世界の果て

MEZZO”のダブル主演で映画のオファーが来るのは何も今回が初めてではなかった。それをありがたいと思うし、何より今回も隣に環がいてくれることを壮五は心強いと感じている。

「世界の果て?」

今回の映画の舞台は少し未来の世界で、世界の最期の日に向かう二人の青年の物語だそうだ。

「はい。お二人の役柄は混乱する街で偶然出逢い、最期の日を共にする、という設定だそうです」

マネージャーからそれぞれの役柄を大まかに聞き、なんとなくその話を受けたいなと思いながらも後日改めて返事をするということになり、環と共に寮へ戻る。

「そーちゃんは、世界最期の日、何したい?」

夕食の後、壮五の部屋を訪ねてきた環は唐突に切り出した。

「……あぁ、映画の話かい?」
「うん」

ややあって壮五が聞き返せば環は首肯する。

「そうだなあ……本当なら応援してくれたファンの皆さんの一人一人にありがとうって伝えて回りたいところだけれど、そんな時間はきっとないだろうし……やっぱり、ライブをしたいな」

答えを出すと、環はふふっと笑う。

「僕なにか変なこと言ったかな?」

不思議に思い、壮五が尋ねる。すると環は、今度は首を横に振った。

「いや、思った通りだなーって」
「そう、なんだ?」

壮五は環の言葉に少し面食らう。僕はそんなに分かりやすいのだろうか……?

「だってそーちゃん、歌いながら死にたいとか言いそーだし」
「それは……そうかもしれないね」

なるほど、環は壮五という人間をよく分かっている。環の言葉に、自分を顧みれば確かにそう言いそうだ。

「環くんは? 最期の一日、どう過ごしたい?」

すると環はきょとんとした顔で壮五を見る。まるで同じ問いをされるとは思っていなかったとでも言いたげだ。

「俺?」
「そう」
「俺は……理に、会いたい」

一瞬のためらいのような空白ののち、環は絞り出すような声で言った。

「……そうか。そうだよね」

環の気持ちや事情を考えれば、彼がそう答えるのは当然だった。けれど、心のどこかで「俺もライブしたい」と答えてくれることを一瞬でも期待した自分がいた。そしてその答えがもらえなかったことに、自分勝手に傷ついたことに壮五は驚く。
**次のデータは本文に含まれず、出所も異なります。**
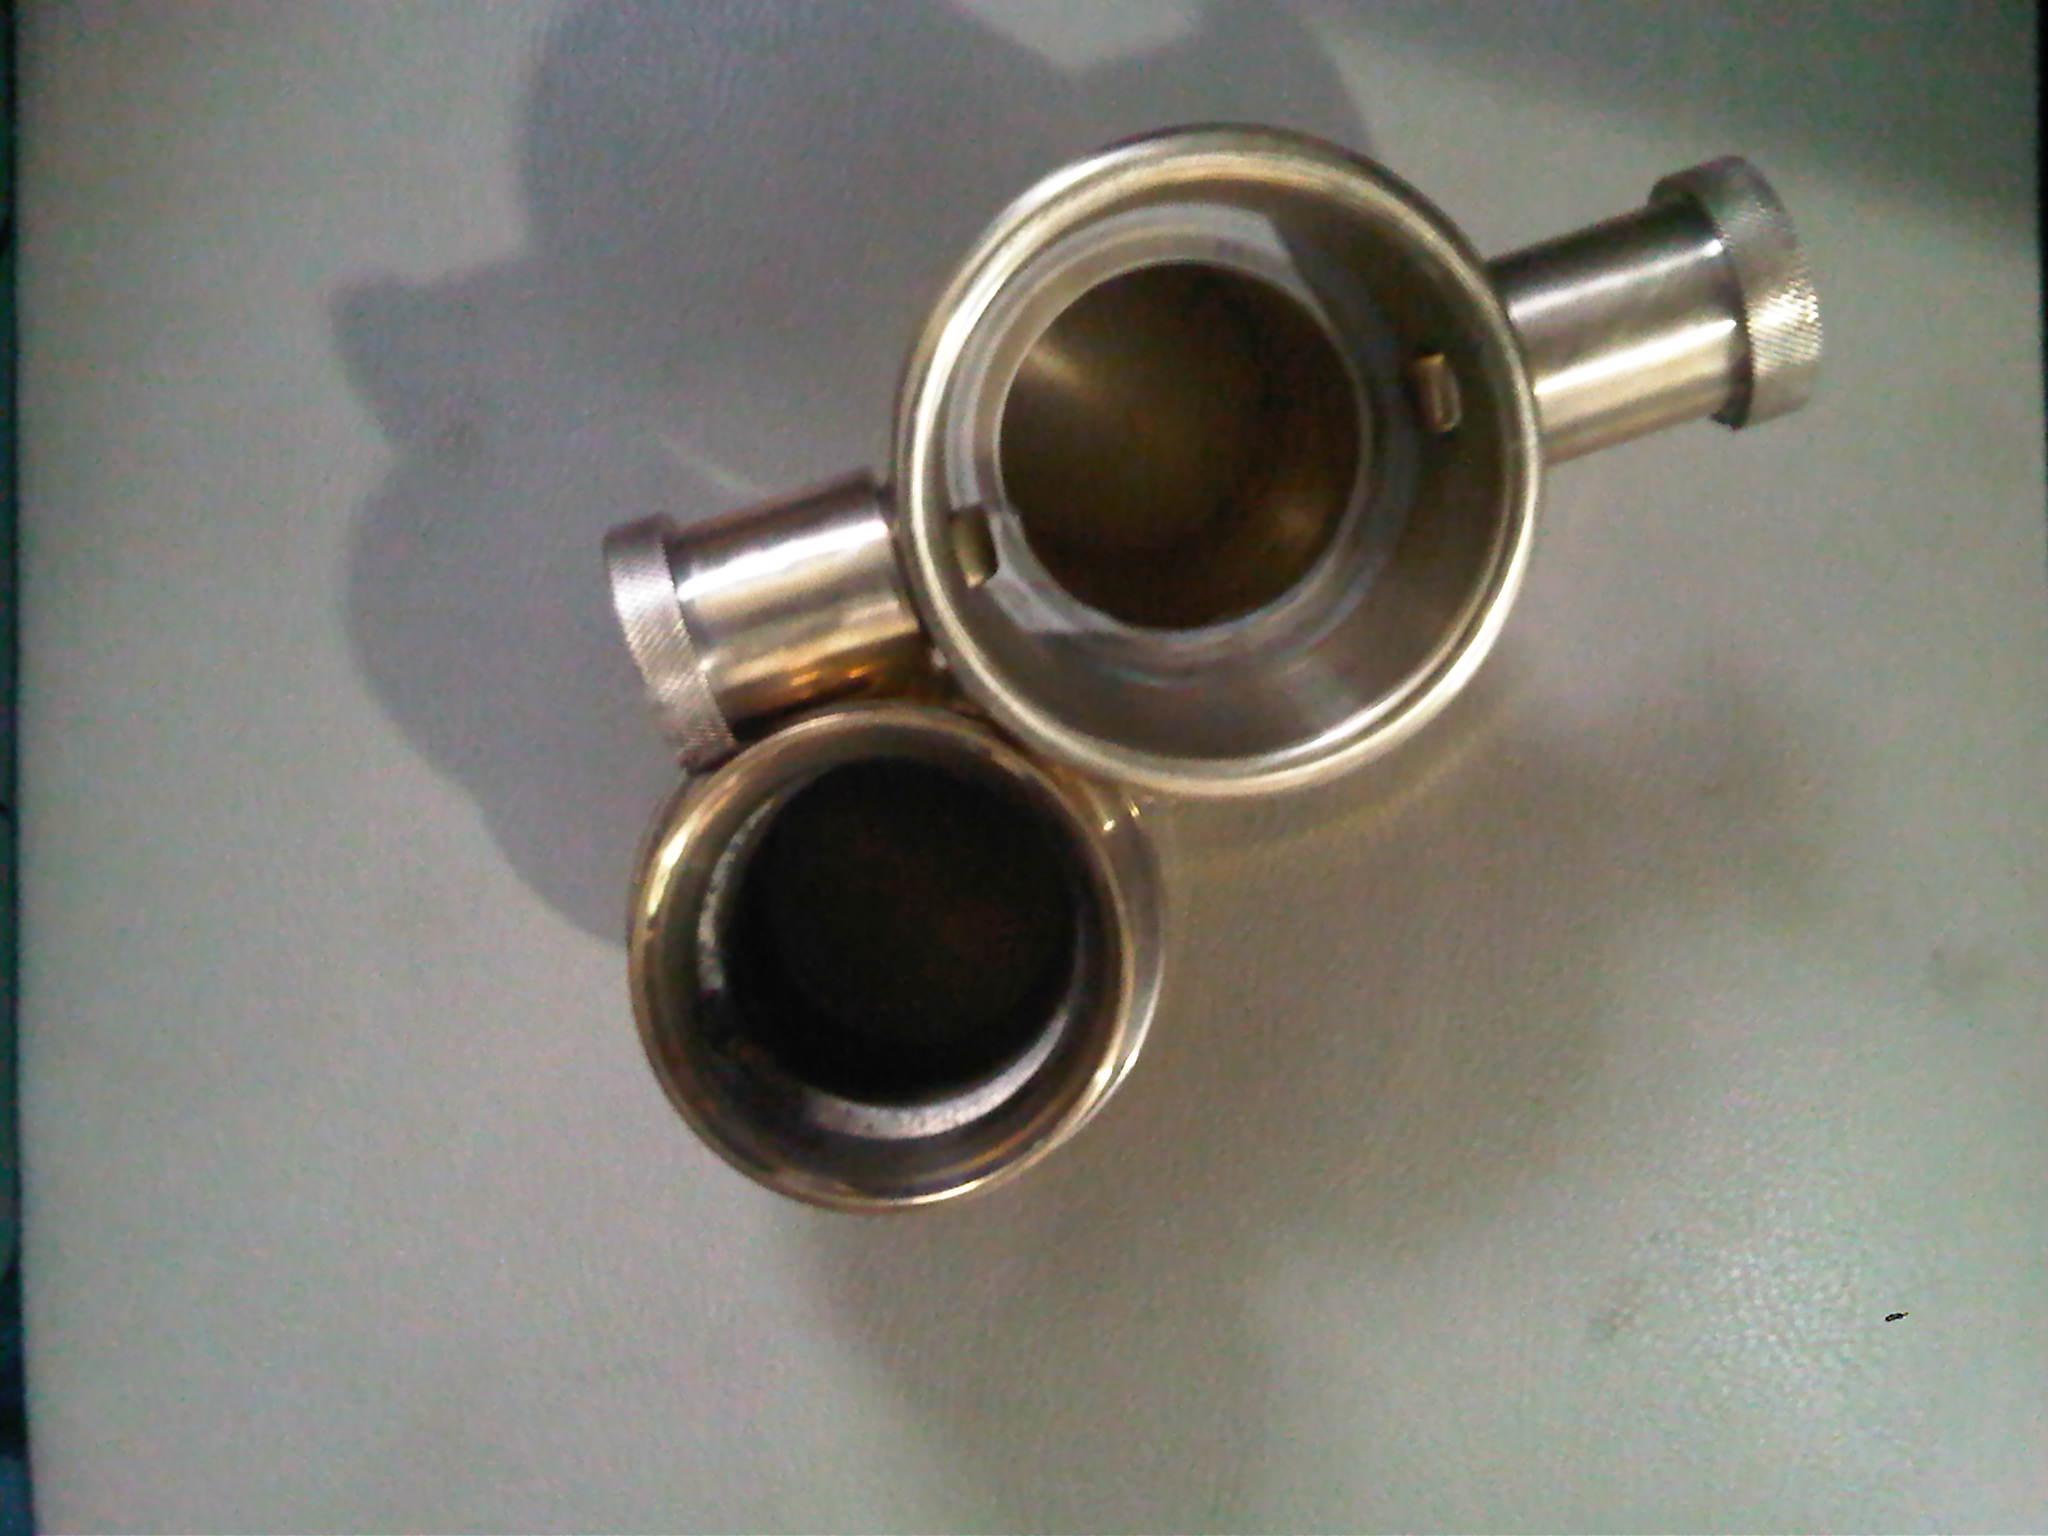 coupling, coupling hydrant, hydrant coupling, instantaneous coupling, perlengkapan hydrant, hose coupling, jenis jenis coupling, jenis coupling, hydrant, adaptor coupling, instantaneous adaptor coupling, hydrant

「けど、歌もダンスもしたいから、理を呼んで、そーちゃんと一緒にライブやりてー」

そんな壮五の心を読んだのか、はたまた偶然だったのかは本人にしか分からないが、環はそう付け足して、なーんて贅沢かな? といたずらっぽく笑った。

「……っぁ」

けれど壮五は、それが環の本心だということだけは分かっていた。
それが分かる程度には、二人は隣に並んできたから。
それが分かってしまえるほど、壮五は環を見てきたから。

「え、ちょっ、そーちゃん泣いてんの!?」
「泣いてなんか、ない」
「いや泣いてるし!」

こんな情けない顔を見られたくなくて壮五は俯く。環はあたふたとし、ごそごそとしていたが何かを諦めたのか、壮五の顔へ手を伸ばしてきた。

「ハンカチ持ってなかったし、これでがまんして」

そう言って、いつかのように洋服の袖で壮五の目元を撫でる。その手つきが優しくて、泣き笑いのような顔になってしまう。

「ありがとう」
「まーな。俺、相方だし」

得意げな環の声が頼もしくて優しくて温かい。背中を預けて。手を取り合って。隣に立って。この人とはずっとそうありたいと思った。

「環くん」
「んー?」
「もう一つ、やりたいことがあった」

言葉にするのは苦手だ。どう言えばうまく伝わるのか、どう伝えるのが一番なのか、そんなことを考えて結局言葉にする前にみんなどこかへ行ってしまうから。
けれどその気持ちはただ一言たったの二文字。ほかに言い換えることもない。それに、環はそんな壮五の言葉をいつまでも待っていてくれる。

「僕ね、環くんのことが──」

その言葉は環の、春の空を写し取ったような瞳に吸い込まれていった。
きっと明日世界が終わっても、僕はもう後悔しない。